Hess vs. activist investor -- who will prevail?
Elliott Management wants the oil and gas company to be split into three parts to unlock shareholder value.
Shares of Hess (HES) surged 9% Tuesday to close at $68.11 after activist investor Elliott Management published a letter to shareholders saying that the oil and gas company's share price could surge to $126 per share if it were managed well.Elliott, which took up a 4% stake in Hess this week, making it the company's largest independent investor, also said in its letter to shareholders that it "strongly advocates for Hess to conduct a full strategic and operational review to consider all pathways to maximize shareholder value."
Elliott, run by billionaire Paul Singer, argued that Hess lacks focus. It acts like a major oil and gas company, but since it's much smaller it cannot compete: "Hess is less than 1/11th the size of the majors it lists as its proxy peers. It is 1/23rd the size of Exxon (XOM) and 1/12th the size of Chevron (CVX). By definition, if Hess spreads itself as broad as a major with a fraction of the resources, it simply does not have the wherewithal to compete."
The hedge fund suggested Hess to spin off its Bakken shale assets and its downstream retail and marketing holdings, splitting the company into three parts as a consequence. The fund asserted that such a move would create additional value for shareholders.
Elliott is also seeking the nomination of five new independent directors to the Hess board. "New directors are needed for real change," the fund said in the letter. The candidates include Rodney Chase, former deputy chief executive of BP (BP); Harvey Golub, former chief executive of American Express (AXP); Karl Kurz, former chief operating officer of Anadarko Petroleum (APC); David McManus, a former executive at Pioneer Natural Resources (PXD); and Marshall Smith, the chief financial officer of Ultra Petroleum (UPL).
The hedge fund's letter comes just a day after Hess announced a set of restructuring and asset-shedding plans. Likely forced into action after hearing of Elliott's activist intentions last week, Hess announced that it would sell its network of oil-storage terminals and its refinery in Port Reading, New Jersey, by the end of February.
Hess would effectively leave the refinery business and become a predominantly exploration and production-based business, joining others such as ConocoPhillips (COP) and Marathon Oil (MRO), who have also exited the refining sector.
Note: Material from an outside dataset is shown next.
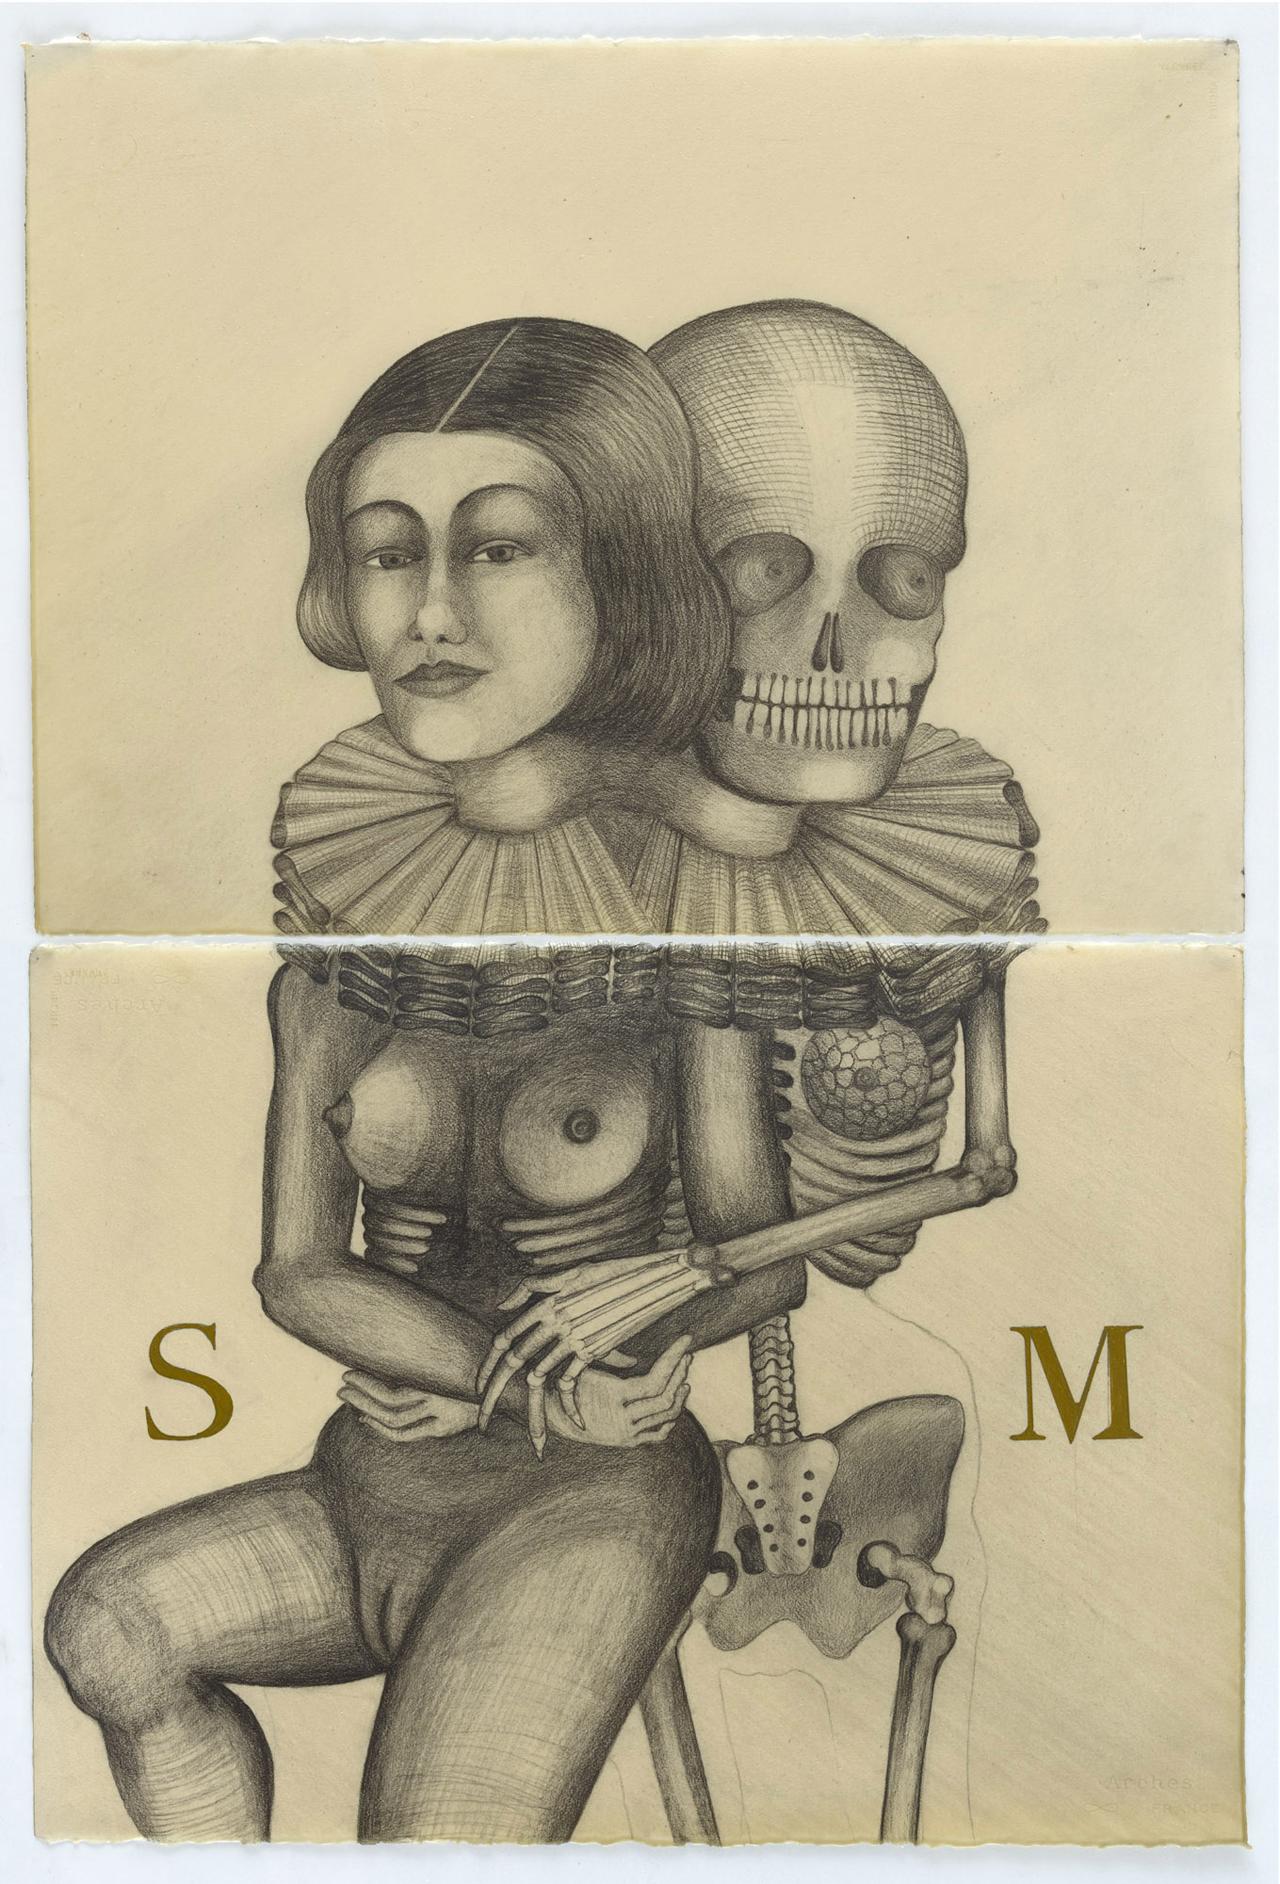 Sandra Vásquez de la Horra, Santa Muerte Hidalga, 2016, Bleistift und Pigment auf Aquarellkarton in Wachs, zweiteilig mit Rahmen: 121,2 x 84,2 x 5,0 cm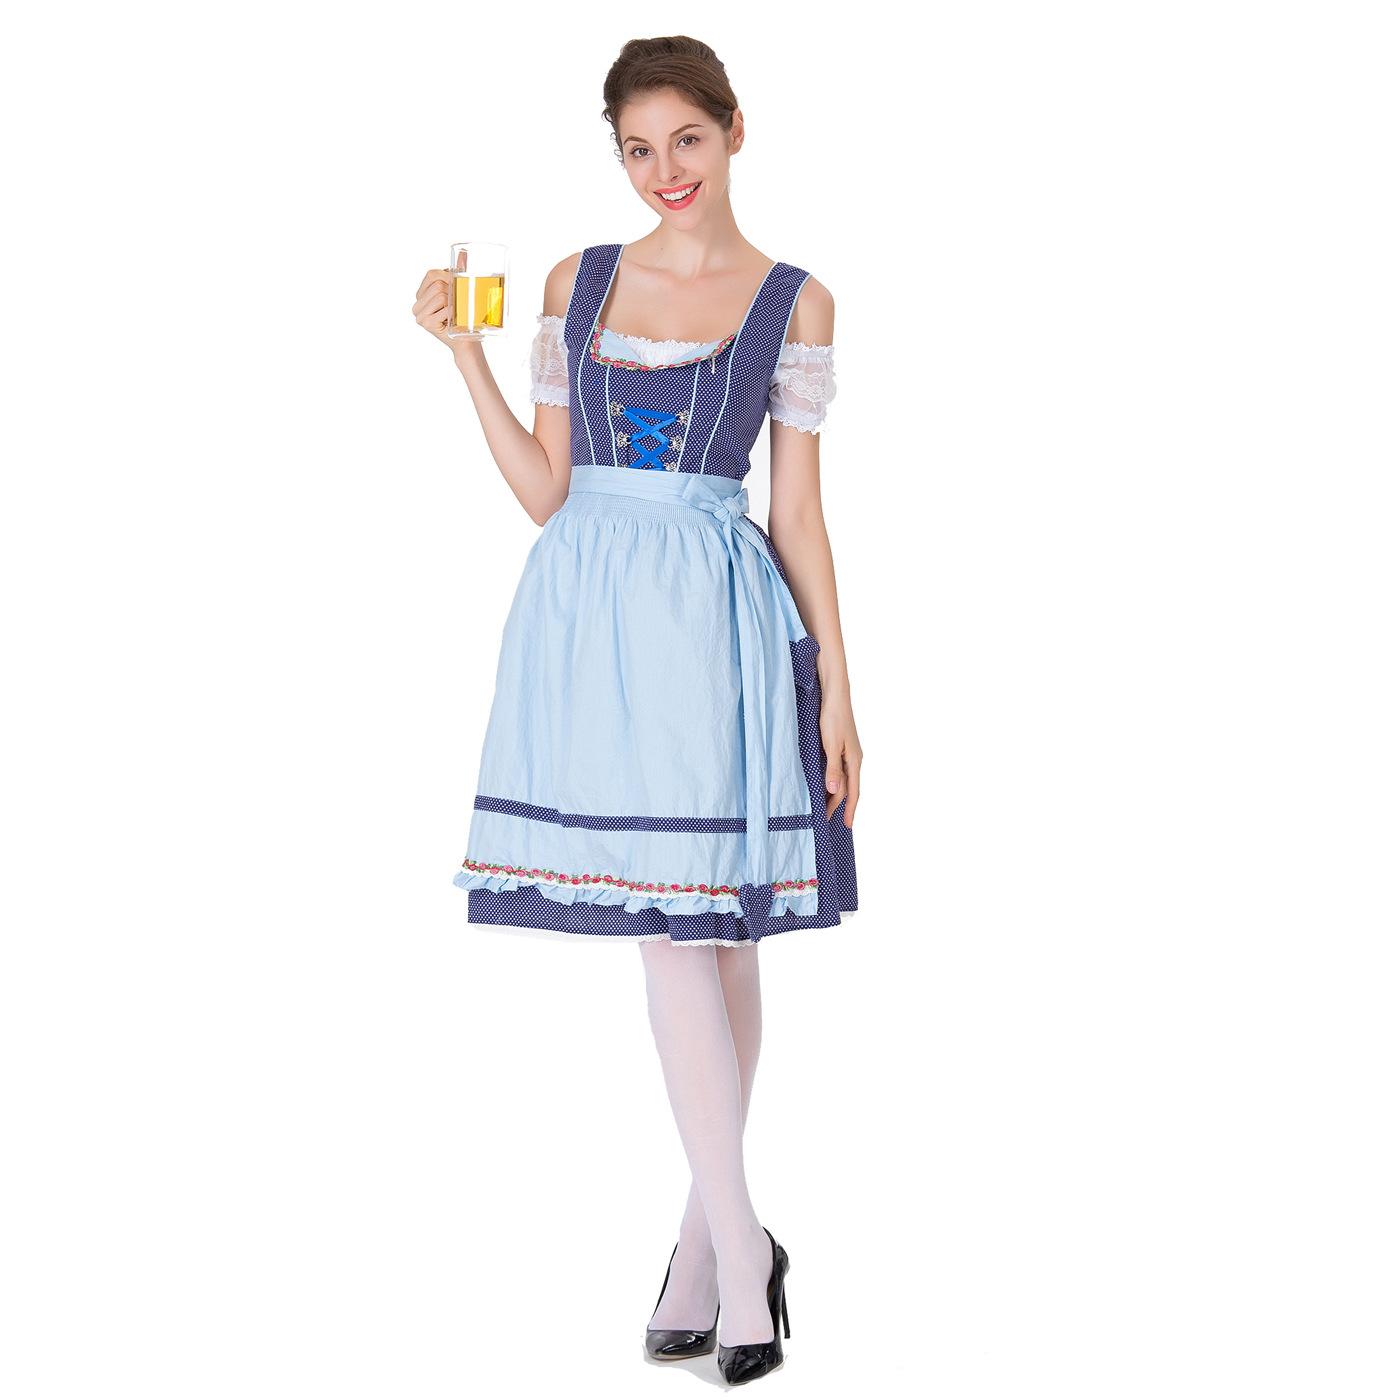 Women Large Size Oktoberfest Style Dirndl Dress Bavarian Style Waitress Halloween Costume blue_XL

Hess jumped 6.1% to close at $62.48 on Monday on the news.
"By closing the Port Reading refinery and selling our terminal network, Hess will complete its transformation from an integrated oil and gas company to one that is predominantly an exploration and production company and be able to redeploy substantial additional capital to fund its future growth opportunities," said John Hess, the company's chairman and CEO, in a statement Monday.
According to Barclays, Hess's fuel terminals could sell for between $1.5 billion and $2 billion, as they are situated along New York Harbor and other areas along the East Coast, where real estate prices are high, reports the Wall Street Journal.
As of late Monday afternoon, Hess seemed intent to hold on to its downstream assets, potentially setting up Hess management for a clash with Elliott. Hess spokesperson Jon Pepper told Bloomberg Monday that the company "plans to continue its long-term commitment to the retail and energy marketing business."
When reporting quarterly results Wednesday, Hess said that over 90% of its capital would be in its exploration and production business following its exit from refining, Reuters reported.
Hess posted a profit of $566 million, or $1.66 per share in the fourth quarter, compared with a loss of $131 million, or 39 cents per share, a year earlier. Revenue rose 10% to $9.69 billion. Also, oil and gas production rose 8% in the fourth quarter. Specifically, production from its Bakken shale assets soared 68%.
If investors' response to the recent flurry of news is any indication, however, Elliott, which succeeded in adding two new board members to BMC Software (BMC) last year, is more than likely to get its way.